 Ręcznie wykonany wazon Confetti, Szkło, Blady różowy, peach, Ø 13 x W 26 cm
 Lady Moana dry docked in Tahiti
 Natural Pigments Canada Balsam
+++
What the exercise asks: Once more and in full, please write out the listing above exactly.

Task response:
 Ręcznie wykonany wazon Confetti, Szkło, Blady różowy, peach, Ø 13 x W 26 cm
 Lady Moana dry docked in Tahiti
 Natural Pigments Canada Balsam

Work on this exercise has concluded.